On Wed, Jan 29, 2025 at 10:58:00AM -0400, Jason Gunthorpe wrote:
On Wed, Jan 29, 2025 at 02:44:12PM +0100, Eric Auger wrote:
On 1/11/25 4:32 AM, Nicolin Chen wrote:
For systems that require MSI pages to be mapped into the IOMMU translation the IOMMU driver provides an IOMMU_RESV_SW_MSI range, which is the default recommended IOVA window to place these mappings. However, there is nothing special about this address. And to support the RMR trick in VMM for nested
well at least it shall not overlap VMM's RAM. So it was not random either.
translation, the VMM needs to know what sw_msi window the kernel is using. As there is no particular reason to force VMM to adopt the kernel default, provide a simple IOMMU_OPTION_SW_MSI_START/SIZE ioctl that the VMM can use to directly specify the sw_msi window that it wants to use, which replaces and disables the default IOMMU_RESV_SW_MSI from the driver to avoid having to build an API to discover the default IOMMU_RESV_SW_MSI.
IIUC the MSI window will then be different when using legacy VFIO assignment and iommufd backend.
? They use the same, iommufd can have userspace override it. Then it will ignore the reserved region.

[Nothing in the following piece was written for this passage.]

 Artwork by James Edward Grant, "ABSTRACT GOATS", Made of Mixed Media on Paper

MSI reserved regions are exposed in /sys/kernel/iommu_groups/<n>/reserved_regions 0x0000000008000000 0x00000000080fffff msi
Is that configurability reflected accordingly?
?
Nothing using iommufd should parse that sysfs file.
How do you make sure it does not collide with other resv regions? I don't see any check here.

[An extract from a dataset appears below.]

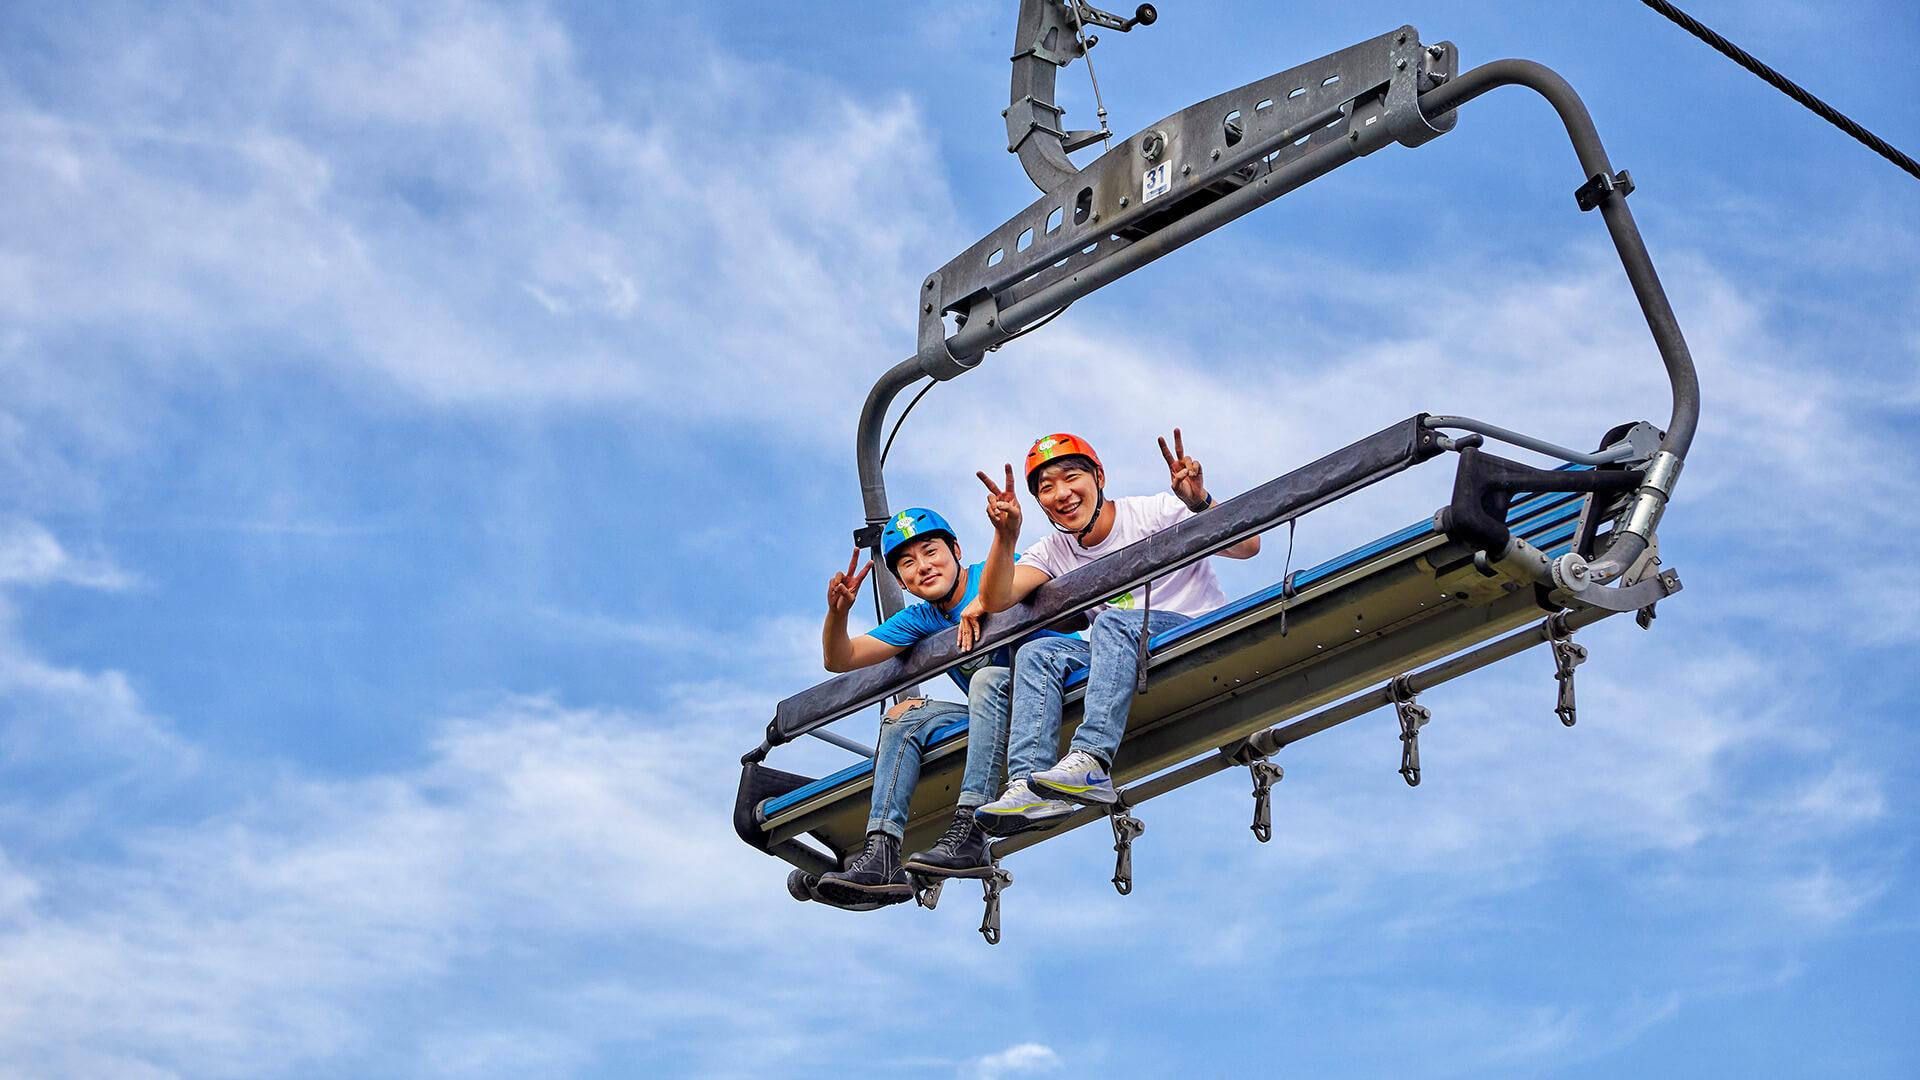 Two friends pull the peace sign whilst riding the Chairlift at Skyline Luge Tongyeong.

Yes this does need to be checked, it does look missing. It still needs to create a reserved region in the ioas when attaching to keep the areas safe and it has to intersect with the incoming reserved regions from the driver.
Yea, I found iopt_reserve_iova() is actually missed entirely...
While fixing this, I see a way to turn the OPTIONs back to per- idev, if you still prefer them to be per-idev(?). Then, we can check a given input in the set_option() against the device's reserved region list from the driver, prior to device attaching to any HWPT.
Otherwise, we just rely on iopt_enforce_device_reserve_region() during an attach, keeping the option global to simplify VMMs.
Thanks Nicolin